I had wonderful parents. They were loving, godly, present, good. But I didn’t always get what I needed when it came to processing pain. I needed more processing than I got. I needed for us to sit down and talk about the pain, the psychological pain, particularly how we experiencing it, what it was doing to us, how we felt about it. I think that I needed this because I am a very verbal processor and because I am sensitive to emotions. I am a thinker, but I am also a feeler.

When my mom got breast cancer, I was 15 or 16 years old. I remember sitting by her bed, in her bedroom, holding her hand, worrying about her — mom and I alone in a dark room. I never remember any helpful conversations about her cancer, with my dad, with her or with my brothers. My mom had a mastectomy. My dad worked, my brothers and I went to school, my mom recovered. We we’re a product of our times. We were workers, doers, not emotional processors, but even if we had wanted to talk, I would say that we didn’t even have the language we needed to talk about all this.

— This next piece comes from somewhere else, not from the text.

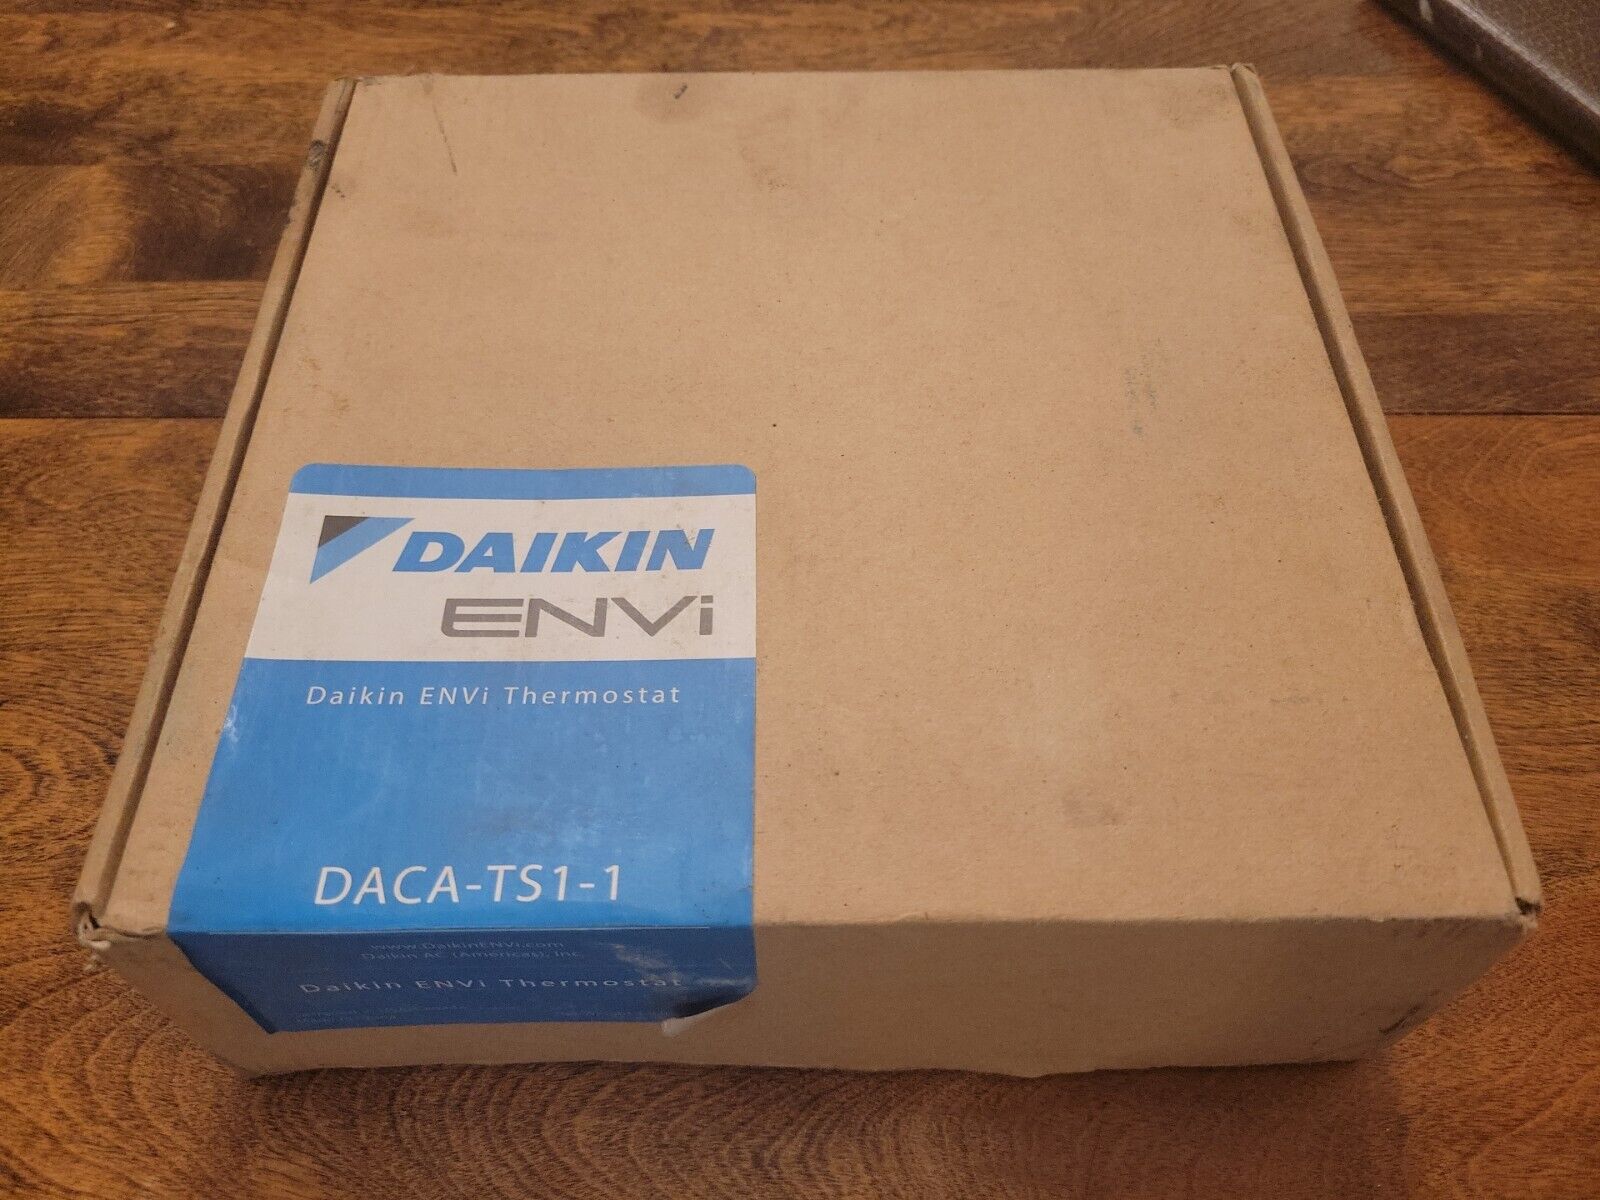 Daikin ENVi DACA-TS1-1 Intelligent Programmable Thermostat Kit Open Box

Only later in life did my mom tell me how emotionally painful the surgery was for her, how she felt horribly disfigured by it, how she suffered over that through the years. Only later in life did I realize how alone she was in that, and how alone I was during those years. My mom has always been a classy woman, always beautifully dressed, very conscious of her appearance, but she became a cancer survivor, a mastectomy survivor — with a hidden wound —  and her experience shaped my experience.

After finishing my undergrad, I fell in love with Linda, the woman I married, the love of my life. We started off talking, and we kept on talking. We talked, and talked and talked, about everything, always —  we still do. Talking is at the core of our relationship. We process life, it’s events, our emotions, our two daughter’s emotions with talk. Perhaps we over-process things, but talk, talk, talk — we go for the talking cure.

My kids aren’t perfect. They too didn’t get everything they needed from the family my wife and I created. Looking back, even with our penchant toward processing, some things in the family didn’t get adequately processed. At times, we simply didn’t know what the girls were feeling, or thinking or what they needed.

I love the family I grew up in. My parents are beautiful people. They absolutely did the best they could.  I love the family I created for myself. We too did the best we could. I come from good stock. Throughout my extended family, we have handled pain well enough to stay together, to have successful lives, to avoid addiction, to avoid separation. But I would say this, from my own, limited, needy perspective.

People need to talk.

More than we even know.

Talking helps.

Listening helps.

Talking and listening — this helps relieve pain.